In the future, we plan to use more aggressive source code analysis techniques to determine the return values that are appropriate for a function. Since in many cases a common error-code convention is used in large applications or modules, it may be possible to ask the programmer to provide a short description of this convention as input to our system either through code annotations or as separate input. A similar approach can be used to mark functions that must be fail-safe and should return a specific value when an error return is forced, e.g., code that checks user permissions.

2.5 Caveats and Limitations

While promising, reactive approaches to software faults face a new set of challenges. As this is a relatively unexplored field, some problems are beyond the scope of this paper.

First, our primary goal is to evolve an application protected by STEM towards a state that is highly resistant to exploits and errors. While we expect the downtime for such a system to be reduced, we do not reasonably expect zero downtime. STEM fundamentally relies on the application monitors detecting an error or attack, stopping the application, marking the affected sections for emulated execution, and then restarting the application. This process necessarily involves downtime, but is incurred only once for each detected vulnerability. We believe that combining our approach with microrebooting techniques can streamline this process.

A reaction system must evaluate and choose a response from a wide array of choices. Currently, when encountering a fault, a system can (a) crash, (b) crash and be restarted by a monitor [7], (c) return arbitrary values [26], or (d) slice off the functionality. Most proactive systems take the first approach. We elect to take the last approach. As Section 2.4 shows, this choice seems to work extremely well. This phenomenon also appears at the machine instruction level [33].

However, there is a fundamental problem in choosing a particular response. Since the high-level behavior of any system cannot be algorithmically determined, the system must be careful to avoid cases where the response would take execution down a semantically (from the viewpoint of the programmer's intent) incorrect path. An example of this type of problem is skipping a check in sshd which would allow an otherwise unauthenticated user to gain access to the system. The exploration of ways to bound these types of errors is an open area of research. Our initial approach is to rely on the programmer to provide annotations as to which parts of the code should not be circumvented.

There is a key tradeoff between code coverage (and thus confidence in the level of security the system provides) and performance (processing and memory overhead). Our emulator implementation is a proof of concept; many enhancements are possible to increase performance in a production system. Our main goal is to emphasize the service that such an emulator will provide: the ability to selectively incur the cost of emulation for vulnerable program code only. Our system is directed to these vulnerable sections by runtime sensors - the quality of the application monitors dictates the quality of the code coverage.

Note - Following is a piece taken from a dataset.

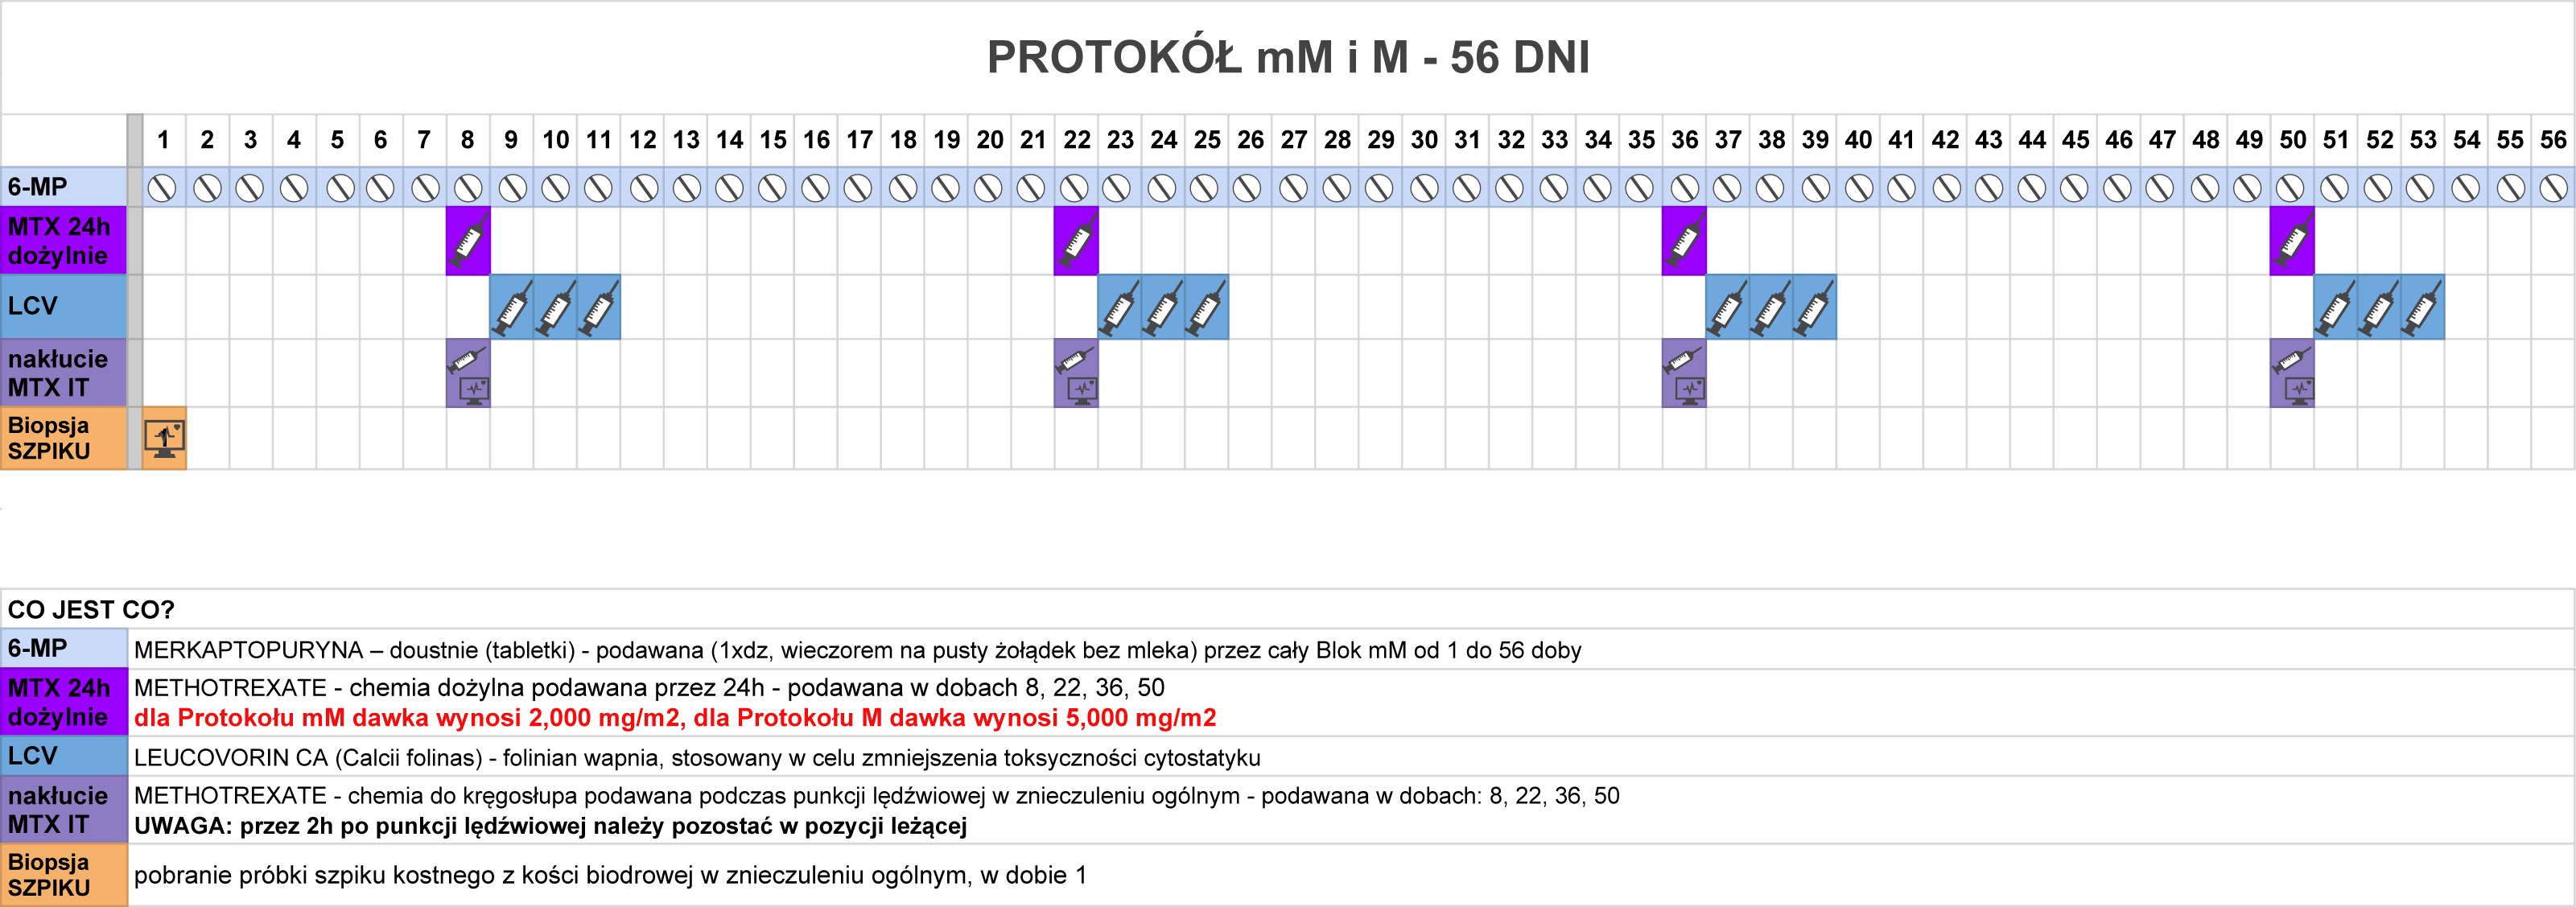 protokol-mm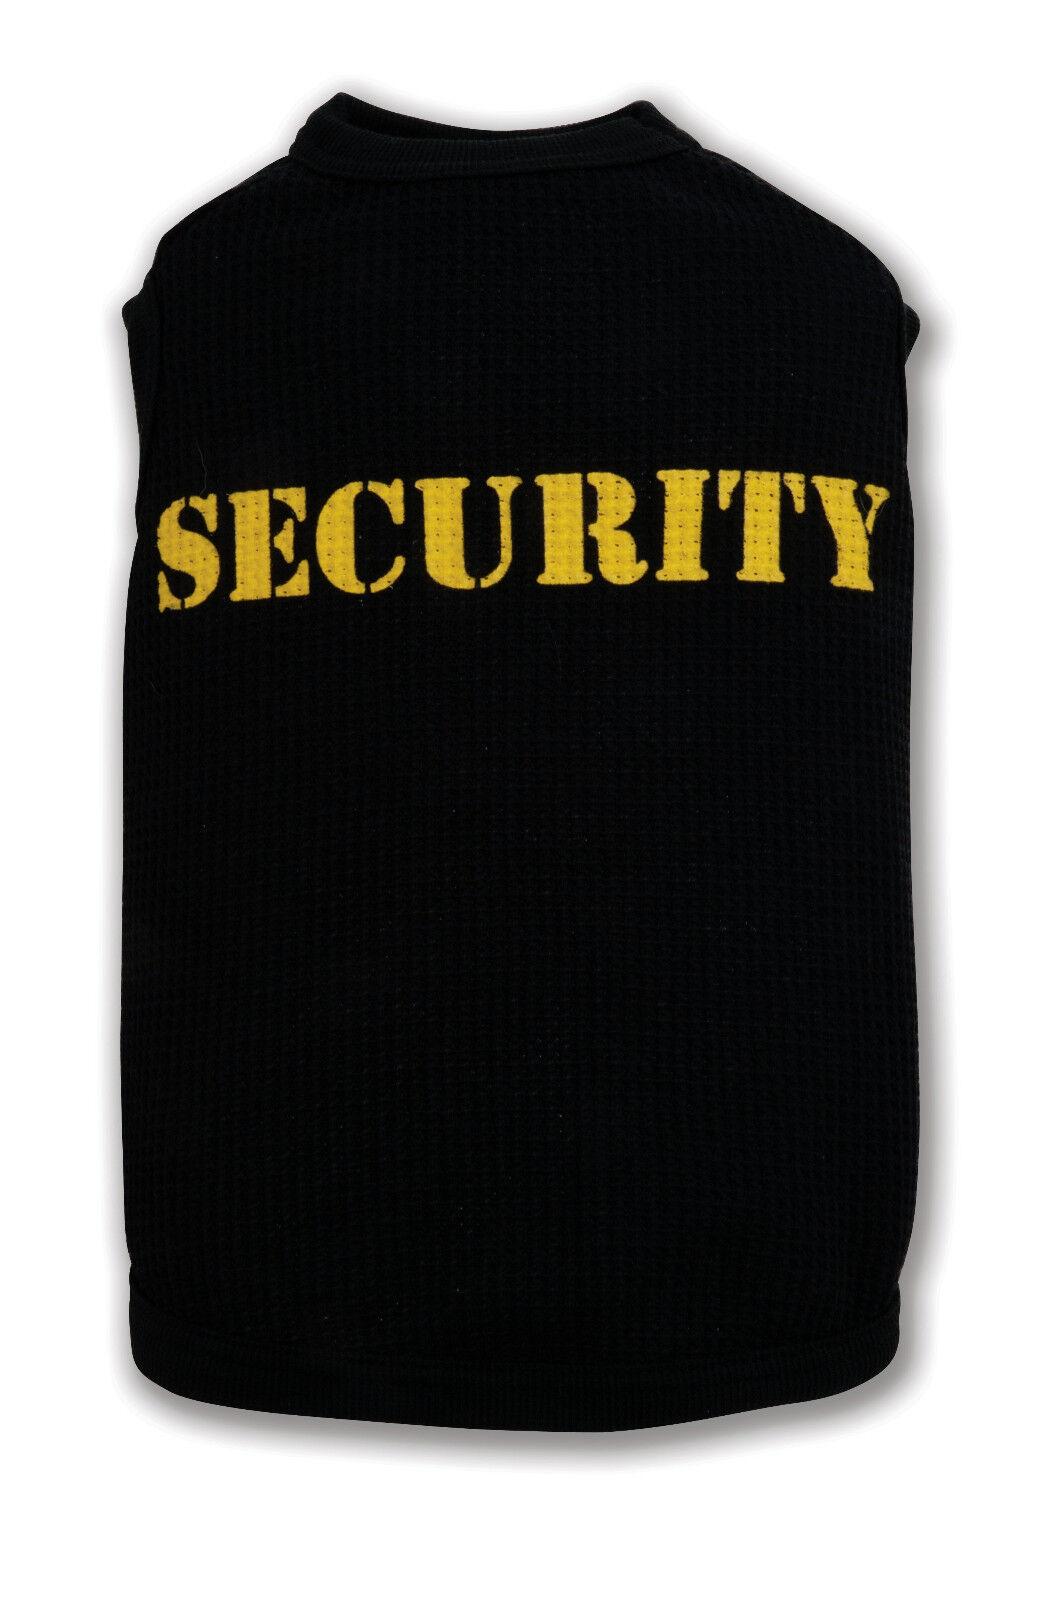 Cold Woof Dog Thermals XS 3xl Camo Tye Dye Pet T shirts Security

Since our emulator is designed to operate at the user level, it hands control to the operating system during system calls. If a fault were to occur in the operating system, our system would not be able to react to it. In a related problem, I/O beyond the machine presents a problem for a rollback strategy. This problem can partially be addressed by the approach taken in [17], by having the application monitors log outgoing data and implementing a callback mechanism for the receiving process.

Finally, in our current work, we assume that the source code of the vulnerable application is available to our system. We briefly discussed how to partially circumvent this limitation in Section 2.3. Additional work is needed to enable our system to work in a binary-only environment.

3 Implementation

We implemented the STEM x86 emulator to validate the practicality of providing a supervision framework for the feedback control loop through selective emulation of code slices. Integrating STEM into an existing application is straightforward. As shown in Figure 2, four special tags are wrapped around the segment of code that will be emulated.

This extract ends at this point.